# Error analysis

## Load Pretrained model

In [1]:
import tensorflow as tf
import numpy as np

In [2]:
saver_paths = ["./logs/rf2/char/ckpt", "./logs/rf2/word/ckpt", "./logs/rf2/hybrid/ckpt"]
checkpoint_files = list(map(tf.train.get_checkpoint_state, saver_paths))

In [3]:
checkpoint_files

[model_checkpoint_path: "/home/homes/jhpark/hate-speech/logs/rf2/char/ckpt/model-final.ckpt"
 all_model_checkpoint_paths: "/home/homes/jhpark/hate-speech/logs/rf2/char/ckpt/model-final.ckpt",
 model_checkpoint_path: "/home/homes/jhpark/hate-speech/logs/rf2/word/ckpt/model-final.ckpt"
 all_model_checkpoint_paths: "/home/homes/jhpark/hate-speech/logs/rf2/word/ckpt/model-final.ckpt",
 model_checkpoint_path: "/home/homes/jhpark/hate-speech/logs/rf2/hybrid/ckpt/model-final.ckpt"
 all_model_checkpoint_paths: "/home/homes/jhpark/hate-speech/logs/rf2/hybrid/ckpt/model-final.ckpt"]

In [4]:
# create session for evaluation
gpu_options = tf.GPUOptions(per_process_gpu_memory_fraction=0.9)
session_conf = tf.ConfigProto(allow_soft_placement=True, gpu_options=gpu_options)


In [5]:
from data.hybrid import load_data_from_file

(x_train, y_train, x_test, y_test, initW, vocab) = load_data_from_file("racism_final2_binary")
word_text_len = x_train[0]["word"].shape[0]
word_vocab_size = len(vocab.vocabulary_)
char_text_len = x_train[0]["char"].shape[0]
char_vocab_size = x_train[0]["char"].shape[1]



Data Summary:
Train: Total Positive Labels=1750 (0.1421)
Test: Total Positive Labels=309 (0.1421)

dataset passed the assertion test


In [6]:
from data.hybrid import extract_from_batch

batchW, batchC = extract_from_batch(x_test)
feed_dicts = []
feed_dicts.append({"input/Placeholder_1:0": y_test, "input/Placeholder:0": batchC, "nn-layers/fully-connected-layer-0/dropout_1/keras_learning_phase:0": 0})
feed_dicts.append({"input/labels:0": y_test, "input/X:0": batchW, "dropout_keep_prob:0": 1})
feed_dicts.append({"input/labels:0": y_test, "input/X_word:0": batchW, "input/X_char:0": batchC, "dropout_keep_prob:0": 1})
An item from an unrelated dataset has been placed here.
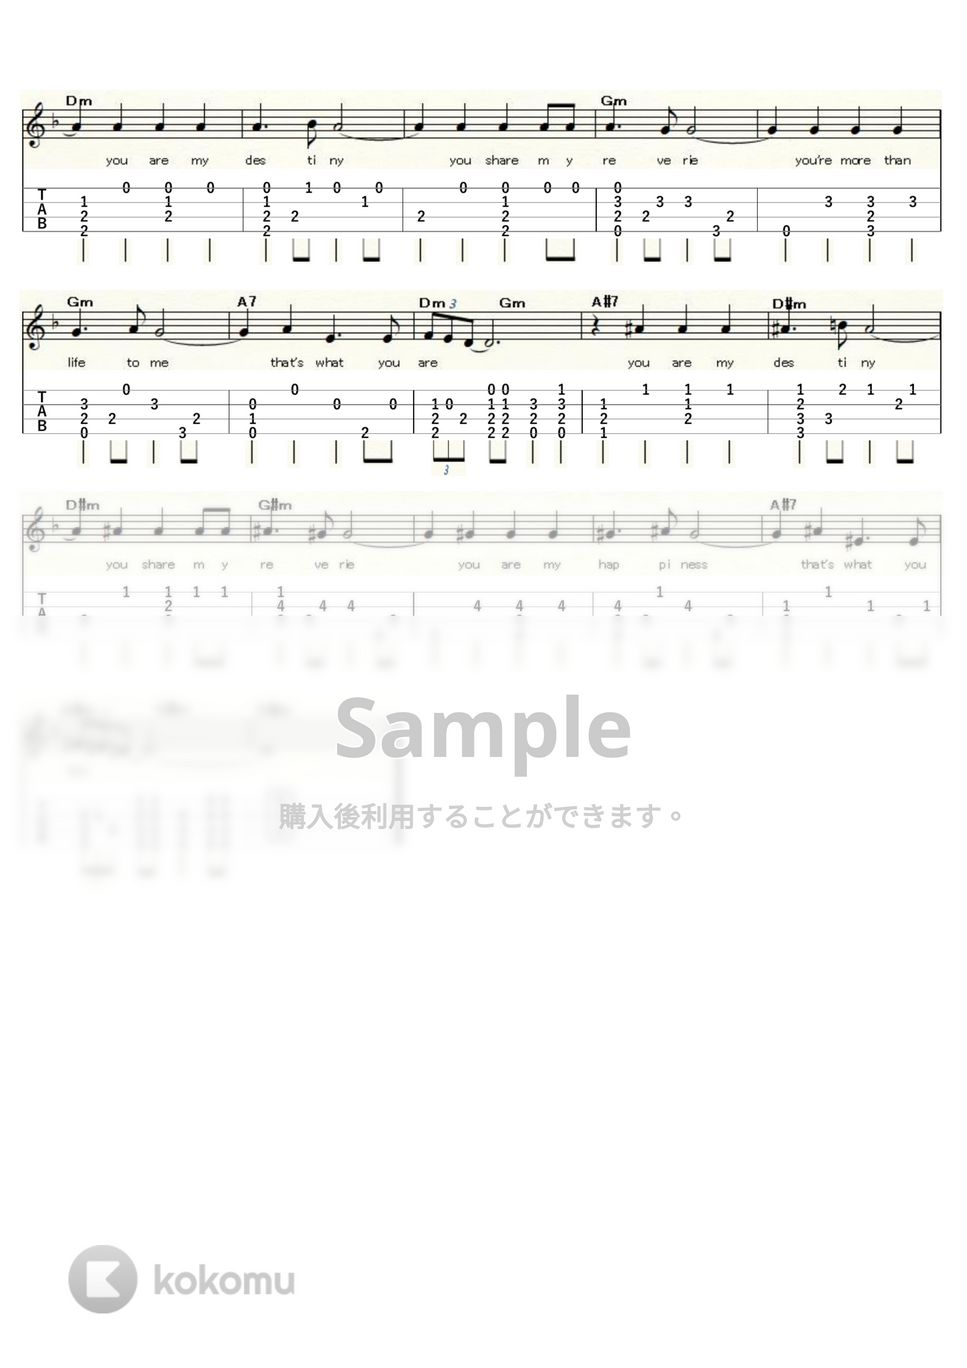 ポール・アンカ - You Are My Destiny (ｳｸﾚﾚｿﾛ/Low-G/中級) by ukulelepapa

output_names = ["prediction/prediction", "output/prediction", "output/prediction"]

In [7]:
preds = []
for i, ckpt in enumerate(checkpoint_files):
    print(ckpt.all_model_checkpoint_paths[0])
    tf.reset_default_graph()
    saver = tf.train.import_meta_graph("{}.meta".format(ckpt.all_model_checkpoint_paths[0]))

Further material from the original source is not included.